ECLI:NL:RBDHA:2014:7245
Rechtbank Den Haag
- Eerste aanleg - enkelvoudig
- Rechtspraak.nl
Beslissing over voorlopige voorzieningen in asielzaak van Somalische zeepiraten
Op 13 juni 2014 heeft de voorzieningenrechter van de Rechtbank Den Haag uitspraak gedaan in een zaak waarbij drie veroordeelde Somalische zeepiraten hun beroep tegen een afgewezen asielaanvraag in Nederland mochten afwachten. De zaak betreft de verzoeken om voorlopige voorzieningen geregistreerd onder de nummers AWB 14/12580 en AWB 14/13310. De vreemdelingenrechter oordeelde dat de verzoekers, die dreigden op 29 juni 2014 uit Nederland te worden verwijderd, spoedeisend belang hadden bij het treffen van een voorlopige voorziening. De voorzieningenrechter stelde vast dat de verzoekers een reëel risico lopen op schending van artikel 3 van het Europees Verdrag voor de Rechten van de Mens (EVRM) bij terugkeer naar Somalië, vooral gezien hun strafrechtelijke verleden en de intentie van de Nederlandse autoriteiten om deze informatie te delen met de Somalische autoriteiten.
De voorzieningenrechter oordeelde dat het niet treffen van de verzochte voorziening zou leiden tot onomkeerbare gevolgen voor de verzoekers, aangezien de rechtbank nog geen uitspraak had gedaan in de beroepszaak.

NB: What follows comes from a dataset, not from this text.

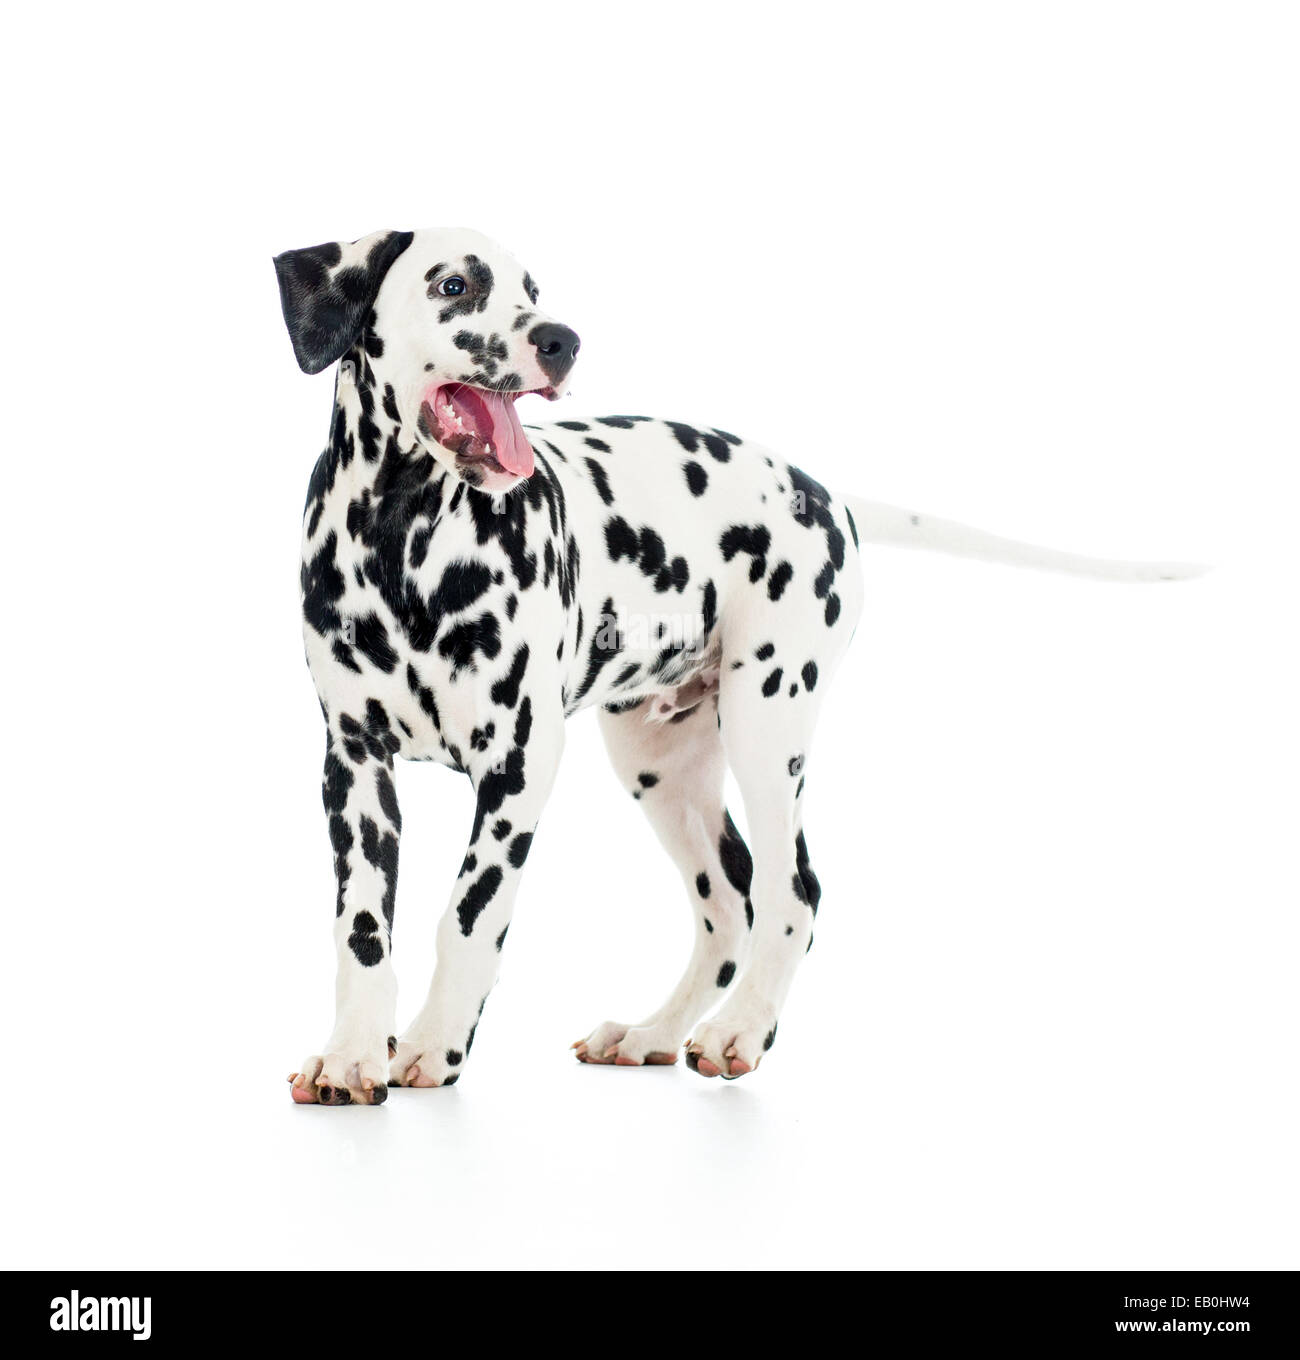 Chien dalmatien, isolated on white Banque D'Images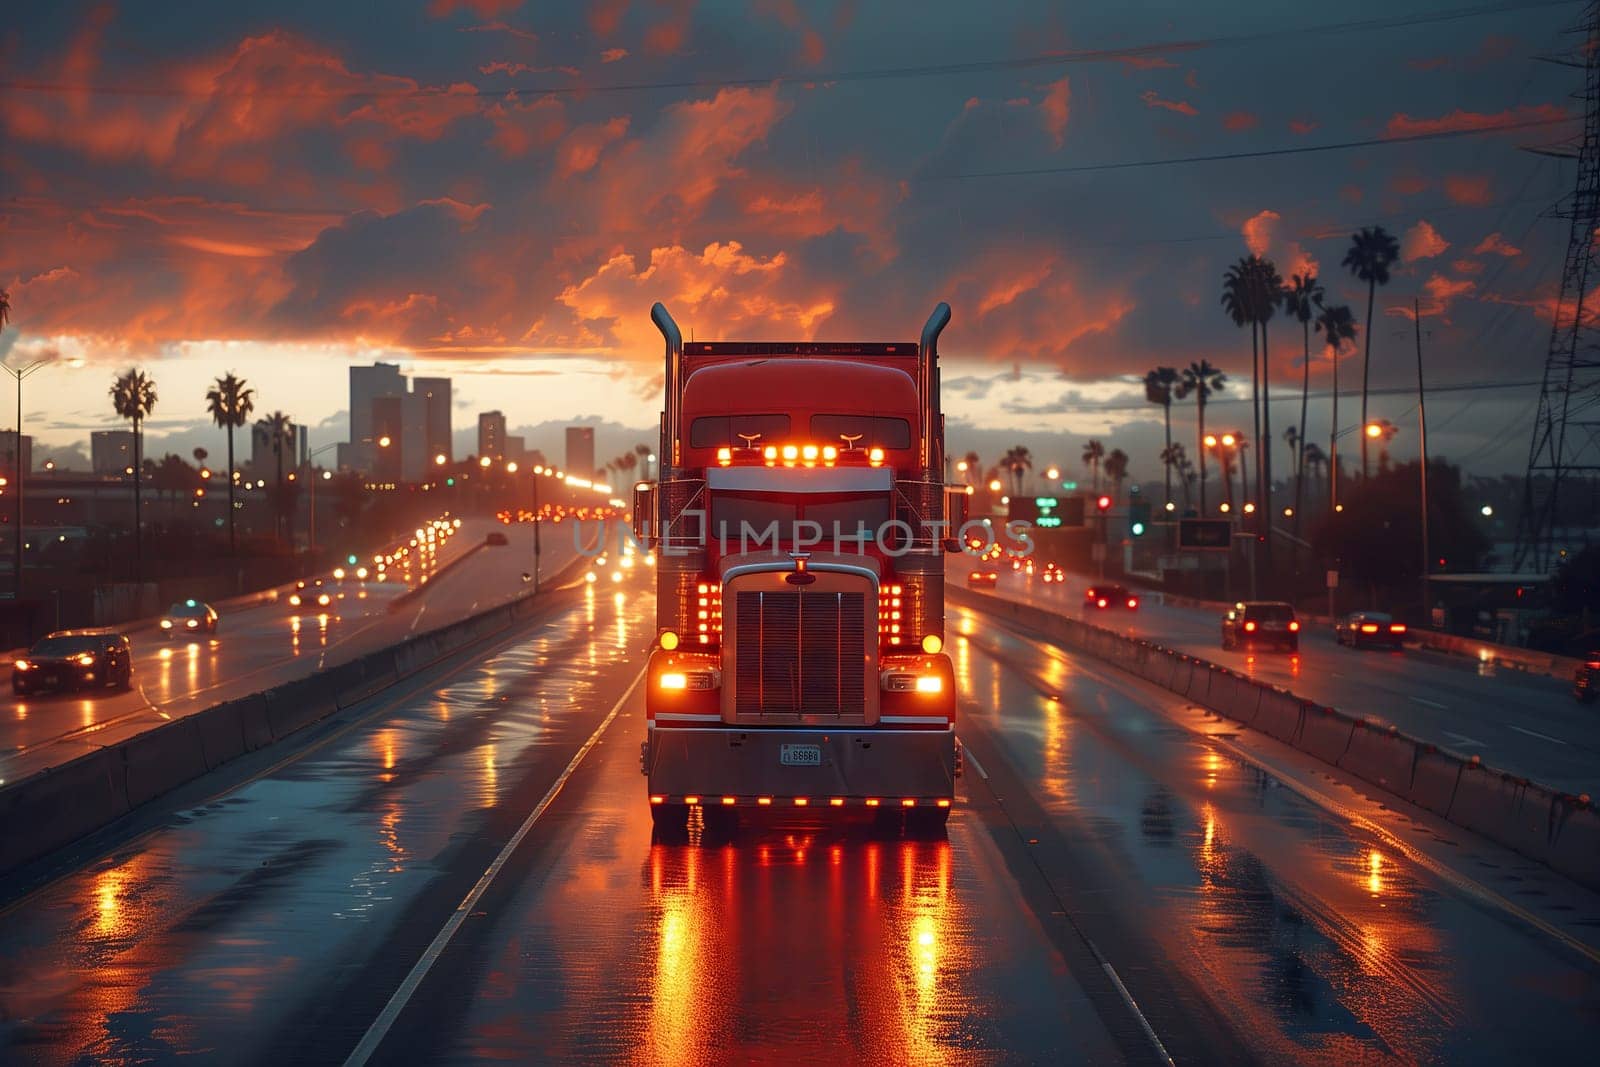 An automotive lighting semi truck is cruising down the asphalt highway at dusk, under the cloudy sky, passing by buildings and water, with the horizon in the distance

De voorzieningenrechter benadrukte dat de afwijzing van de asielaanvraag en het opgelegde inreisverbod niet zonder rechterlijke toetsing konden plaatsvinden. Daarom werd het besluit van de Staatssecretaris van Veiligheid en Justitie geschorst totdat er een beslissing op het beroep zou zijn genomen. Tevens werd de Staatssecretaris veroordeeld in de proceskosten van de verzoekers, vastgesteld op € 974,-.
In een tweede verzoek om vrijstelling van het griffierecht, dat ook op 13 juni 2014 werd behandeld, oordeelde de voorzieningenrechter dat de verplichting tot het betalen van het griffierecht een wezenlijke inbreuk vormde op het recht op toegang tot de rechter, en verleende hij de verzoeker vrijstelling van het griffierecht. Het verzoek om een voorlopige voorziening geregistreerd onder AWB 14/13310 werd afgewezen, omdat de verzoeker geen belang meer had bij deze beoordeling, gezien de eerder toegewezen voorlopige voorziening.